* [TASK GOAL]
Write out exactly the lines below that run from the one containing "סוודר כחול כהה חצי ריץ רץ עם לוגו סוס כחול" through the one containing "良品RH进口香醇调味汁酱油 儿童宝宝酱油 调味品日本酱油", both included, with no other lines.

* [DATA FOR REVIEW]
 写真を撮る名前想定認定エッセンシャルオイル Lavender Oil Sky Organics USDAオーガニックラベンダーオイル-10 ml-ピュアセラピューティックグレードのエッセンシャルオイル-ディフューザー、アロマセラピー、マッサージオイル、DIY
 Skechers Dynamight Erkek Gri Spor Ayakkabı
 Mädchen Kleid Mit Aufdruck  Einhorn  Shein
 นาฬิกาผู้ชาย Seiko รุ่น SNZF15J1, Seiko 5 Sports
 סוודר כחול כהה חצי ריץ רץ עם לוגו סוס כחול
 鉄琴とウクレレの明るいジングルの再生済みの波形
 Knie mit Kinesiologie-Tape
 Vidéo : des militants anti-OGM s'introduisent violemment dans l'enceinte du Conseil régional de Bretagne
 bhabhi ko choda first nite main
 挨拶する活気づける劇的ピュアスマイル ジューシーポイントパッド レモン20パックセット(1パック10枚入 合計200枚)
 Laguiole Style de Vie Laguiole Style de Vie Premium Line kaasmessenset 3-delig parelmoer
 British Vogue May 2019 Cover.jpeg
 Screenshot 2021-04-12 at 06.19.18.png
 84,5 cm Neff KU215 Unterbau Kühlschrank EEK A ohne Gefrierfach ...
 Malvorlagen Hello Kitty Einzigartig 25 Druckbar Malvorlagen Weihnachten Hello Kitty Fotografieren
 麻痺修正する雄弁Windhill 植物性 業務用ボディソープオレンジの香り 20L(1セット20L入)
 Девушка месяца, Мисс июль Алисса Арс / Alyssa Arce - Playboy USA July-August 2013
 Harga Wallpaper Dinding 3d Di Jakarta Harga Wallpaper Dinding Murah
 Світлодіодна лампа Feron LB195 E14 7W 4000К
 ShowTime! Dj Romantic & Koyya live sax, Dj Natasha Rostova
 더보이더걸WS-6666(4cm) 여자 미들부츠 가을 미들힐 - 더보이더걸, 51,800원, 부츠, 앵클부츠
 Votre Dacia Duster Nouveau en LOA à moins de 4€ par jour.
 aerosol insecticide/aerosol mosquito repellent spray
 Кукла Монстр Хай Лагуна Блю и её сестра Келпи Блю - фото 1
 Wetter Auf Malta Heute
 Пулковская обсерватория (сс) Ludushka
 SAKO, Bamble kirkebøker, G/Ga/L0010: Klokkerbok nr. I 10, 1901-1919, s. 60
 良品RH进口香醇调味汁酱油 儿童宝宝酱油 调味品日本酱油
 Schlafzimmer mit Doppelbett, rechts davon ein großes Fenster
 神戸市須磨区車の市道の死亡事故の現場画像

* [OUTPUT OF THE EXERCISE]
 סוודר כחול כהה חצי ריץ רץ עם לוגו סוס כחול
 鉄琴とウクレレの明るいジングルの再生済みの波形
 Knie mit Kinesiologie-Tape
 Vidéo : des militants anti-OGM s'introduisent violemment dans l'enceinte du Conseil régional de Bretagne
 bhabhi ko choda first nite main
 挨拶する活気づける劇的ピュアスマイル ジューシーポイントパッド レモン20パックセット(1パック10枚入 合計200枚)
 Laguiole Style de Vie Laguiole Style de Vie Premium Line kaasmessenset 3-delig parelmoer
 British Vogue May 2019 Cover.jpeg
 Screenshot 2021-04-12 at 06.19.18.png
 84,5 cm Neff KU215 Unterbau Kühlschrank EEK A ohne Gefrierfach ...
 Malvorlagen Hello Kitty Einzigartig 25 Druckbar Malvorlagen Weihnachten Hello Kitty Fotografieren
 麻痺修正する雄弁Windhill 植物性 業務用ボディソープオレンジの香り 20L(1セット20L入)
 Девушка месяца, Мисс июль Алисса Арс / Alyssa Arce - Playboy USA July-August 2013
 Harga Wallpaper Dinding 3d Di Jakarta Harga Wallpaper Dinding Murah
 Світлодіодна лампа Feron LB195 E14 7W 4000К
 ShowTime! Dj Romantic & Koyya live sax, Dj Natasha Rostova
 더보이더걸WS-6666(4cm) 여자 미들부츠 가을 미들힐 - 더보이더걸, 51,800원, 부츠, 앵클부츠
 Votre Dacia Duster Nouveau en LOA à moins de 4€ par jour.
 aerosol insecticide/aerosol mosquito repellent spray
 Кукла Монстр Хай Лагуна Блю и её сестра Келпи Блю - фото 1
 Wetter Auf Malta Heute
 Пулковская обсерватория (сс) Ludushka
 SAKO, Bamble kirkebøker, G/Ga/L0010: Klokkerbok nr. I 10, 1901-1919, s. 60
 良品RH进口香醇调味汁酱油 儿童宝宝酱油 调味品日本酱油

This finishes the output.